Notre avis : 1976. La dictature argentine pose ses marques pour sept ans d’enfer. Enlèvements, disparitions, tortures, trente mille personnes laisseront leur vie dans ce déferlement de folie. Du fond de l’horreur, pour ne pas céder au désespoir, des femmes vont s’unir pour constituer un des groupes d’opposition les plus déterminés : les grands-mères de la Place de Mai. Inlassablement, leur foulard blanc sur la tête, brodé des noms des disparus, elles font le tour du monument de la place, brandissant les photos d’une fille ou d’un petit-fils. Elles ont lutté sans relâche pour hurler au monde l’horreur ordinaire de ces disparitions, de ces filles enlevées en fin de grossesse dont on n’a plus jamais rien su.

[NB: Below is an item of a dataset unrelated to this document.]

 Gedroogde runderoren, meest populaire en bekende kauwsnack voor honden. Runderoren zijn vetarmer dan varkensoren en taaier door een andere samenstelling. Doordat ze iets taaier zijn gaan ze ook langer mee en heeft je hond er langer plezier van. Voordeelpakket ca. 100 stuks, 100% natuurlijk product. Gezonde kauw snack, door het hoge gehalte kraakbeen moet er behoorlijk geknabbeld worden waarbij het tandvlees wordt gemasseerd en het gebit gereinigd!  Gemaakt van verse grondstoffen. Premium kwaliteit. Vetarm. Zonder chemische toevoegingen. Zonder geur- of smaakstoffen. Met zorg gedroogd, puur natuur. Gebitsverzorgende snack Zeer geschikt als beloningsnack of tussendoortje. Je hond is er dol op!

C’est aussi grâce à leur rage de savoir qu’on a appris, bien plus tard, même si elles-mêmes le savaient déjà, que les bébés n’étaient pas tués, mais donnés à des dignitaires de la junte militaire, en falsifiant ou éliminant les actes de naissance. Des milliers d’enfants ont été ainsi élevés par les assassins de leurs parents, dans la haine des "communistes subversifs" et l’admiration de l’armée et des sauveurs de la nation.

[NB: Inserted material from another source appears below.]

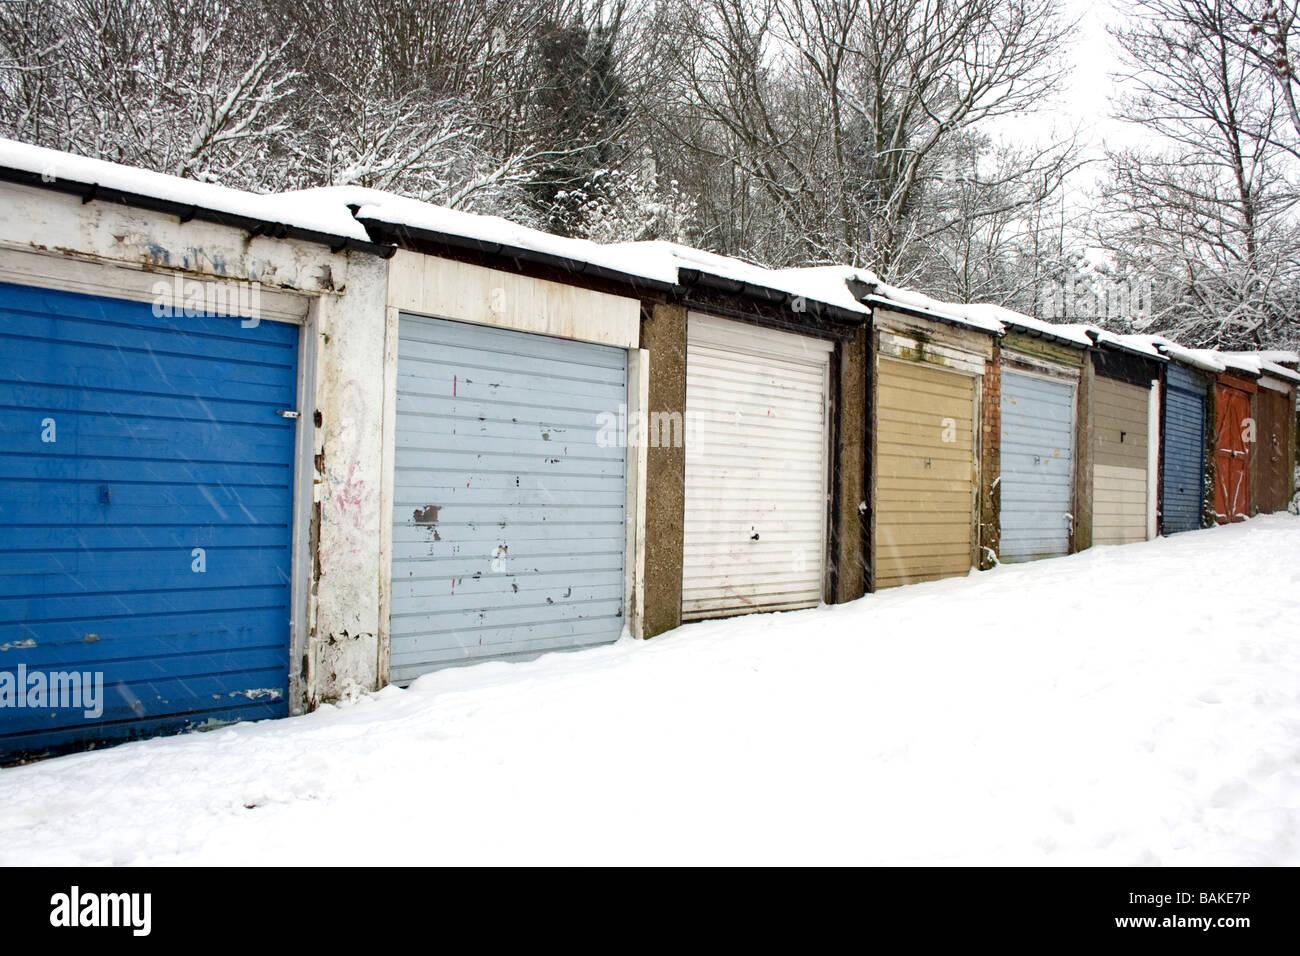 Una fila de Londres garajes con puertas de colores brillantes en contraste con la nieve y siluetas de árboles Imagen De Stock

Elsa Osorio restitue cette histoire terrible à partir de récits ordinaires. Les secrets trop lourds à porter, les doutes qui s’infiltrent, les infimes détails qui font resurgir les souvenirs, la souffrance. "C’est comme une bouffée du passé, la terreur de ces temps sauvages." C’est l’histoire sans cesse répétée de ceux qui savaient et ne voulaient pas voir, et de ceux qui ne trouveront un peu de paix que dans la vérité. "Tu sens maintenant combien te fait mal tout ce qui s’est passé dans ton pays et devant quoi tu as gardé les yeux obstinément fermés." Luz, comme son père, ont en commun ce sentiment de ne pas mériter la confiance des autres. Des vies construites sur le mensonge, la dissimulation. La conviction d’une absolue illégitimité face à la souffrance des autres. La honte. Et Luz se raccroche désespérément à cette idée qu’elle n’est peut-être pas la petite fille de ce tortionnaire. Qu’elle a peut-être été volée, qu’elle est peut-être, elle aussi, issue de l’horreur et de la souffrance. Et c’est cet espoir, cette certitude même, qui lui permet de résister à son milieu, de se battre, d’aimer.
La naissance de son propre enfant lui renverra de plein fouet ce passé incertain et lui donnera la force de savoir, quoi qu’il en coûte. "Pleurer avec quelqu’un qui souffre de la même chose n’est pas pareil que ces larmes solitaires, stériles, parce que c’est savoir qu’il y a un temps pour les larmes et un temps pour l’action."
Le sujet revient régulièrement dans l’actualité, réactivé par les amnisties et le chaos qui frappe aujourd’hui l’Argentine. Elsa Osorio en fait un roman pudique, laissant de côté les détails scabreux et l’horreur complaisante. Luz ou le temps sauvage a l’élan des grands récits qui rendent universelle l’histoire de chacun, et si l’émotion transparaît à chaque ligne, on est loin du mélodrame et de l’effet facile. Le texte s’insinue comme une histoire à la fois lointaine et trop proche... Ça aurait pu être moi.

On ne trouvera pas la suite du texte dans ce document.